Organic radicals are open-shell molecules with unpaired electrons, and their single electron-occupied frontier orbitals are extremely susceptible to electron transfer and release, making them suitable in energy transfer and storage applications such as conducting materials and rechargeable batteries. The non-zero magnetic moments and distinctive photophysical features of free radicals, particularly their complex spin configurations in the ground and excited states, have also attracted considerable attention in the fields of molecular spintronics, optoelectronics, and quantum information technology. Despite the intriguing prospects for the application of radical materials, the most of radicals are unstable at ambient conditions due to their high reactivity and short lifetimes, and thus their materials-related research for practical applications is currently limited. Developing and manufacturing stable organic radicals, while also extending their operational capability in complex and severe conditions, continue to be difficult challenges.
Porphyrins are a family of conjugated macrocyclic compounds composed of pyrroles connected by carbon atoms and possessing a unique π-conjugated electronic structure capable of delocalizing spins and stabilizing radicals. Porphyrins, which include heme and chlorophyll, are commonly found in nature and are referred to as the pigments of life. The most of porphyrins have aromatic [4n+2] π-conjugated electron structures. In recent years, Professor Shen Zhen's group at Nanjing University's School of Chemistry and Chemical Engineering has been investigating the radical properties of corrole, a ring-contracted porphyrin analogue. The structure of corrole is similar to the main skeleton of vitamin B12, in that it contains one less carbon in the meso position than that of the typical porphyrin. This small structural difference leads to corrole's unique coordination ability, as when coordinated with a certain metal, it readily generates radical based on the [4n+1] electronic structure of corrole ligand. Prof. Shen Zhen's previous work examined the structures and properties of copper and silver corrole complexes and modulated the interaction between the central metal spin and the ligand radical spin via ligand modification, surface adsorption, and chemical oxidation. On corrole, Shen’s group were able to convert the electronic structures of a closed-shell singlet to an open-shell singlet, an open-shell singlet to a stable triplet, and a radical ligand to an antiaromatic ligand. By exploring their applicability in spintronics, these works highlighted the remarkable stability and adjustability of corrole complexes as spin carriers. (Nat. Commun. 2015, 6 (1),7547;Angew. Chem., Int. Ed. 2021, 60 (21), 11702−11706;Chem. Commun., 2021,57, 383-386.)

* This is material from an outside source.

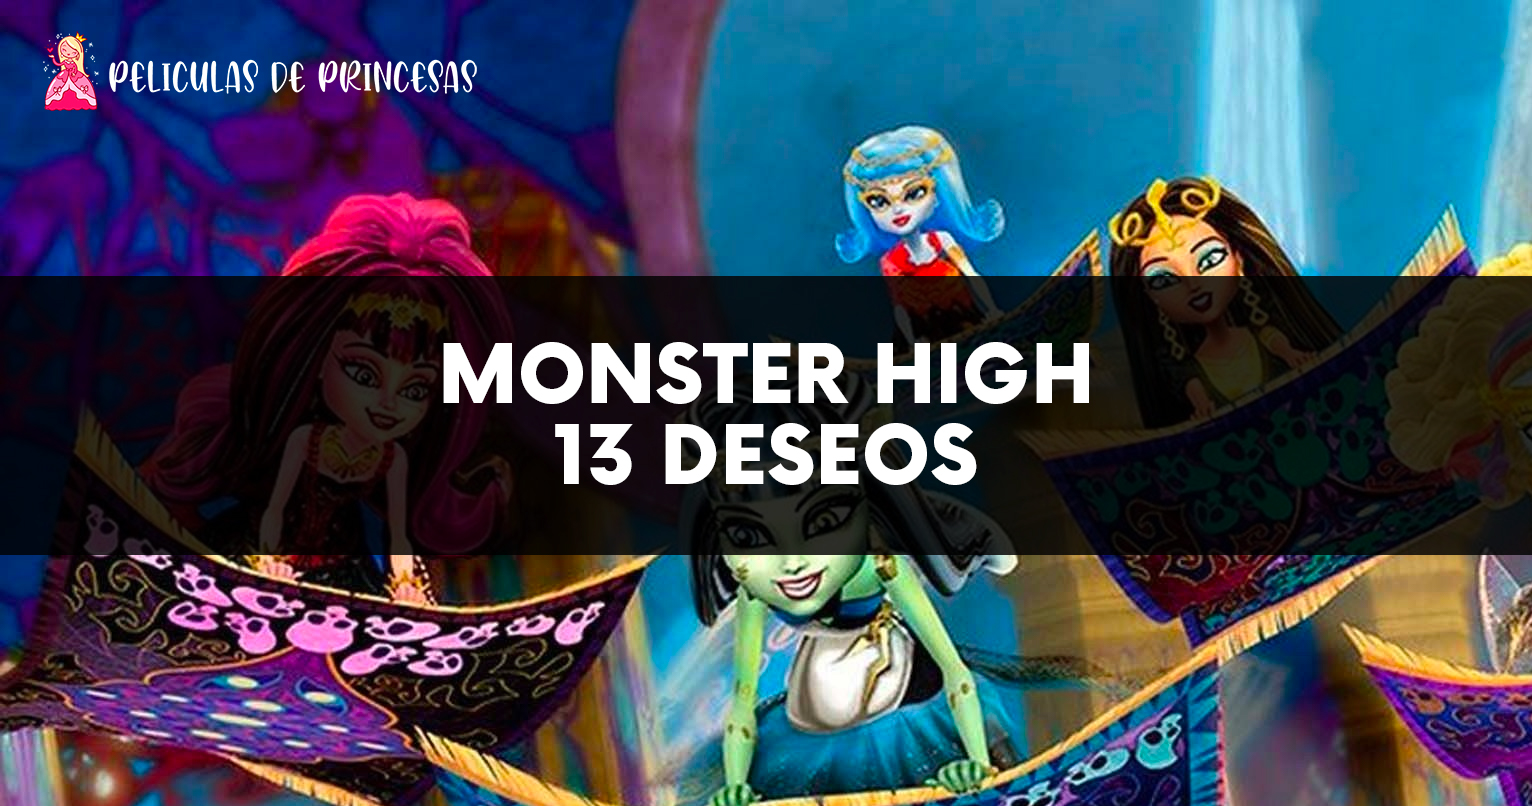 Monster High-13 deseos – Película completa Gratis Online

The present study developed a very stable neutral nickel corrole radical by a facile synthetic strategy using acid-catalyzed condensation and retro-Diels-Alder reaction. The radical is a special a1u type, with most of its spin density (>90%) distributed on the α-carbon atom of the inner pyrrole ring, which is protected by the comprehensive blocking of the peripheral β-fused benzene ring and the meso-phenyl rings, thus greatly enhancing the stability of the molecule. This radical can be converted reversibly to aromatic and anti-aromatic ionic states and exhibits exceptional photothermal stability and photothermal conversion efficiency (Figure 1). This study provides an in-depth insight into the relationship between the corrole radical's special hybrid semi-aromatic-semi-anti-aromatic frontier molecular orbitals and their corresponding photophysical properties through detailed theoretical analysis and spectroscopic measurements, thus further establishing a new idea and platform for the design and application of radical functional materials.

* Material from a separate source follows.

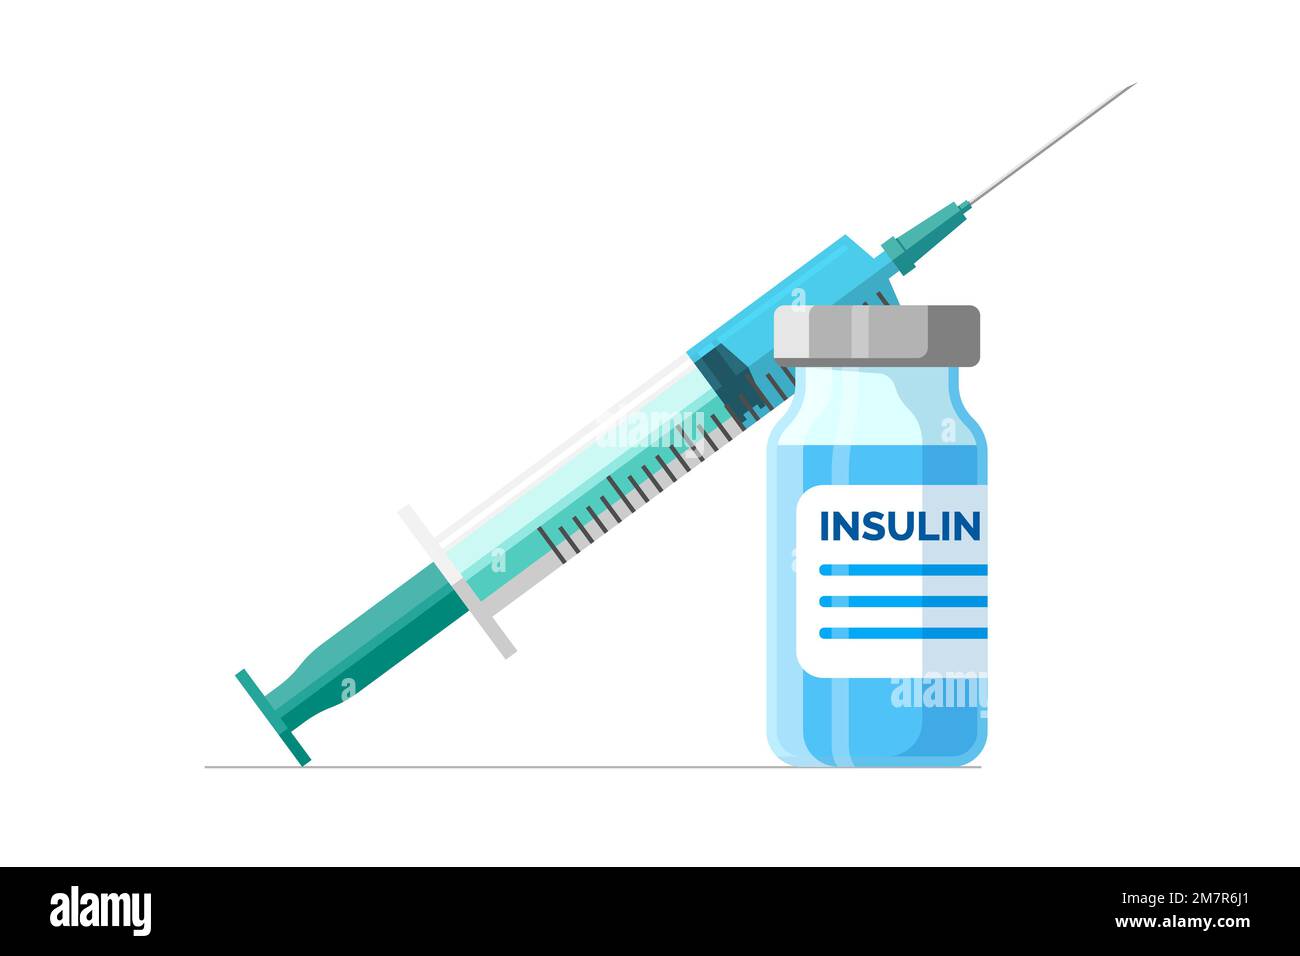 Insulinampulle mit Injektionsspritze. Diabeteskontrollkonzept. Die medizinische Spritze für Diabetiker. Arzneimittelflasche für Menschen mit hohem Blutzucker Stock Vektor

The work was published online as Highly Stable Neutral Corrole Radical: Amphoteric Aromatic-Antiaromatic Switching and Efficient Photothermal Conversion in Journal of the American Chemical Society (DOI: 10.1021/jacs.1c11716). The first author is Ph.D. student Hu Gao, with Dr. Fan Wu and Prof. Zhen Shen as co-corresponding authors. This work was supported by the National Natural Science Foundation of China (NSFC) (Grants 21771102, 22071103, 22001119, and 21911540069).
Figure 1. Aromatic/antiaromatic reversible conversion and photothermal effect of nickel corrole radical.